Arik sat up. Not without difficulty and a lot of pain, but he thought he managed to not look too pathetic. “Why?”

“Because they’re so cuddly and cute,” Limos purred, her violet eyes glinting with mischief. Chick was weird.

Kynan jammed his hand through his hair. “We can’t give up the hound.”

“Give us the fucking dog or we take it.” Frost formed on Ares’s words. “And we will take it.”

“You’re bluffing,” Kynan said. “You don’t know where we’re keeping it.”

Inky shadows billowed up from the floor around Thanatos’s feet, and for a heartbeat, Arik swore he saw faces in the murky depths. “We will know soon enough.”

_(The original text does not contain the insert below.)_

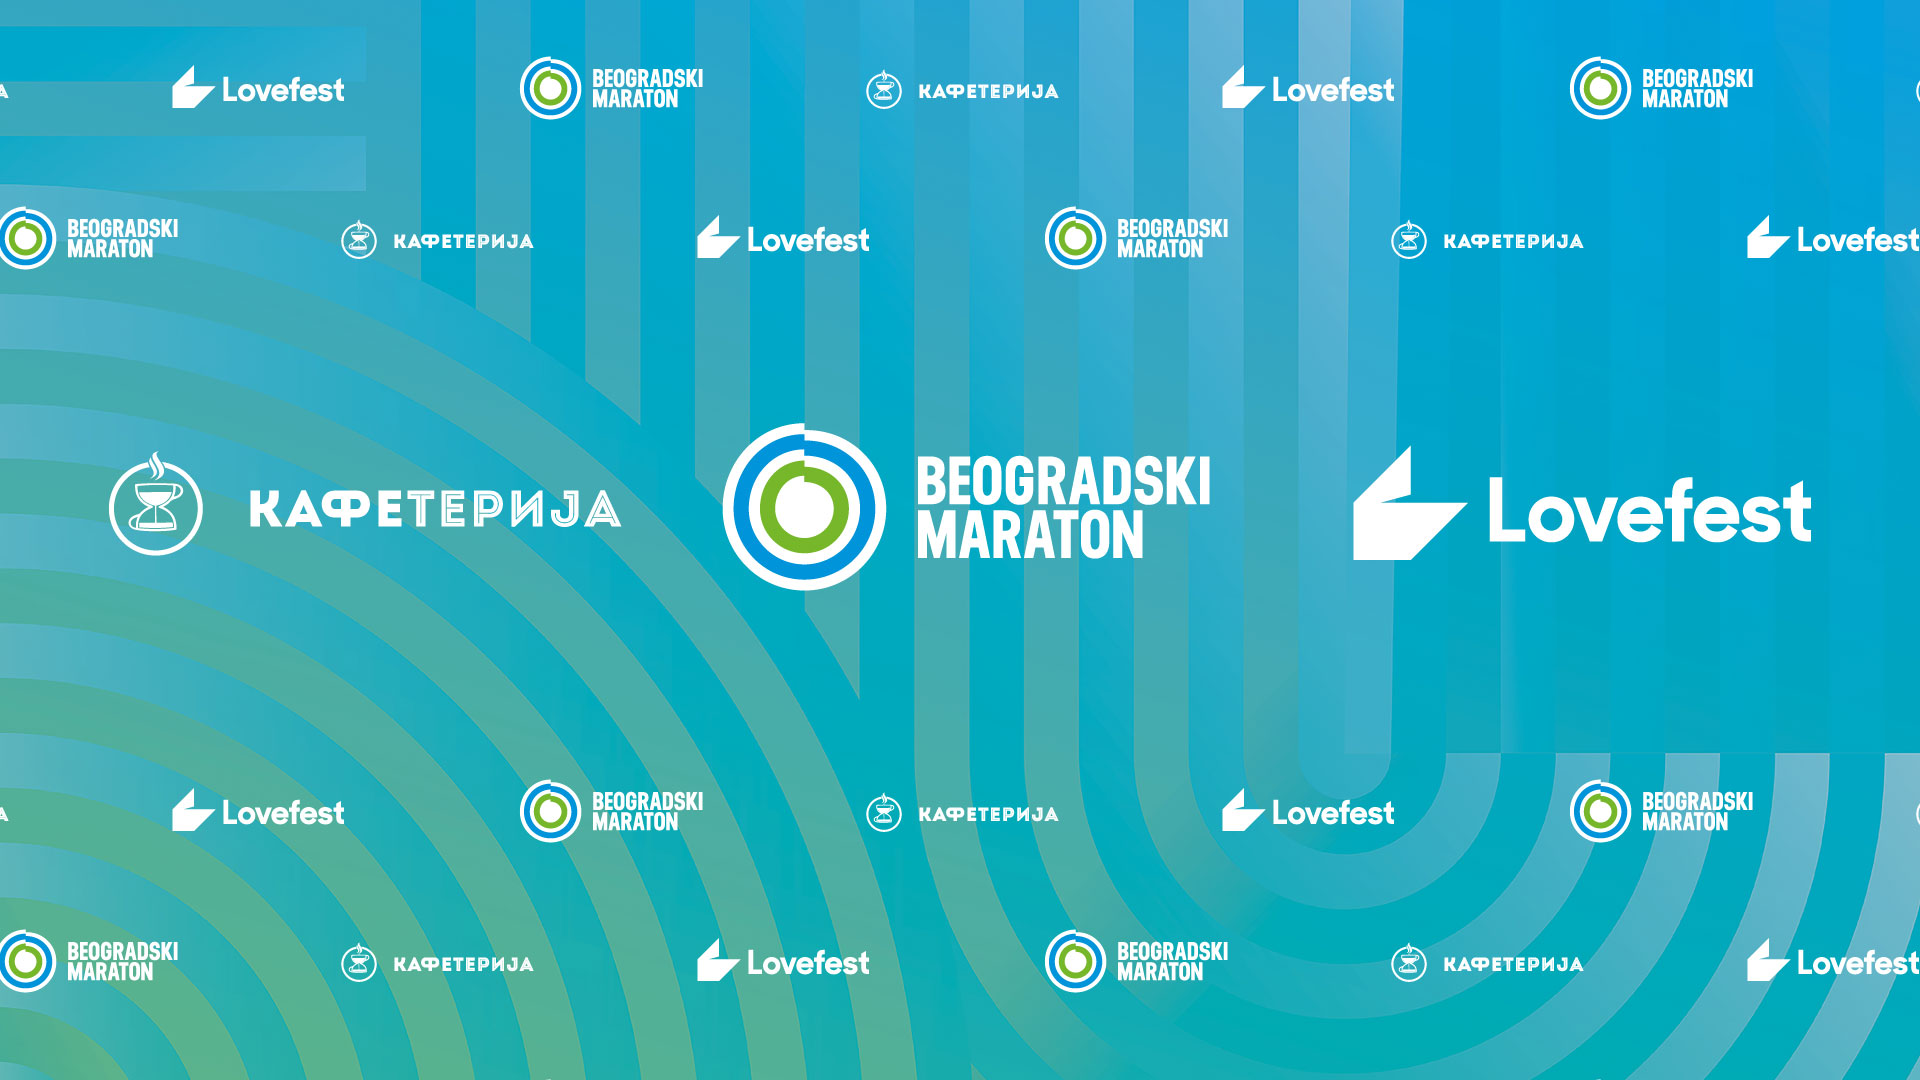 Beogradski maraton i Love fest za najbolju zabavu na stazi

Brittle tension winged through the air, thickening with each silent second. Arik pushed to his feet, clenching his teeth to keep from grimacing. Ares’s hand now gripped his sword hilt. Thanatos had settled into a fighting stance, and Limos was standing there twirling a strand of glossy black hair. Somehow, she made the innocuous gesture seem dangerous. Like she could strangle him with that single lock.

The other female was gripping the book with white-knuckled ferocity and worrying her lower lip.

Unease wound its way through Arik’s veins. This shit was going to go critical, and fast. “Maybe if we knew why the animal is so important to you, it would be less of an issue for The Aegis.”

Ares locked gazes with Arik, and he got the impression the dude had been given the job of War for a reason. There was a general in that big body, someone who knew not only how to fight, but how to win at any cost.

“The hellhound is mine.” Everyone swung around to the female who had been so quiet. “I’m connected to him.”

“And who are you?” Kynan asked.

“She’s the woman your Aegi were going to torture to get information about the hellhound they’d shot.” Ares moved to stand next to her, and though he didn’t touch her, there was a definite protective quality to his posture.

Kynan scowled. “I don’t know what you’re talking about… wait.” He zeroed in on the woman with such intensity that Ares bared his teeth. “In South Carolina? Three nights ago?” When she nodded, Kynan exhaled slowly. “A Guardian died that night. They said you were a demon—”

“Cara is no demon,” Ares said. “Your Aegi are idiots.”

“Hal—the hellhound… he killed your Guardian,” Cara said. “He was protecting me from them.”

Protecting her? A hellhound? Now Arik had heard everything. “I don’t understand how all of this ties together.”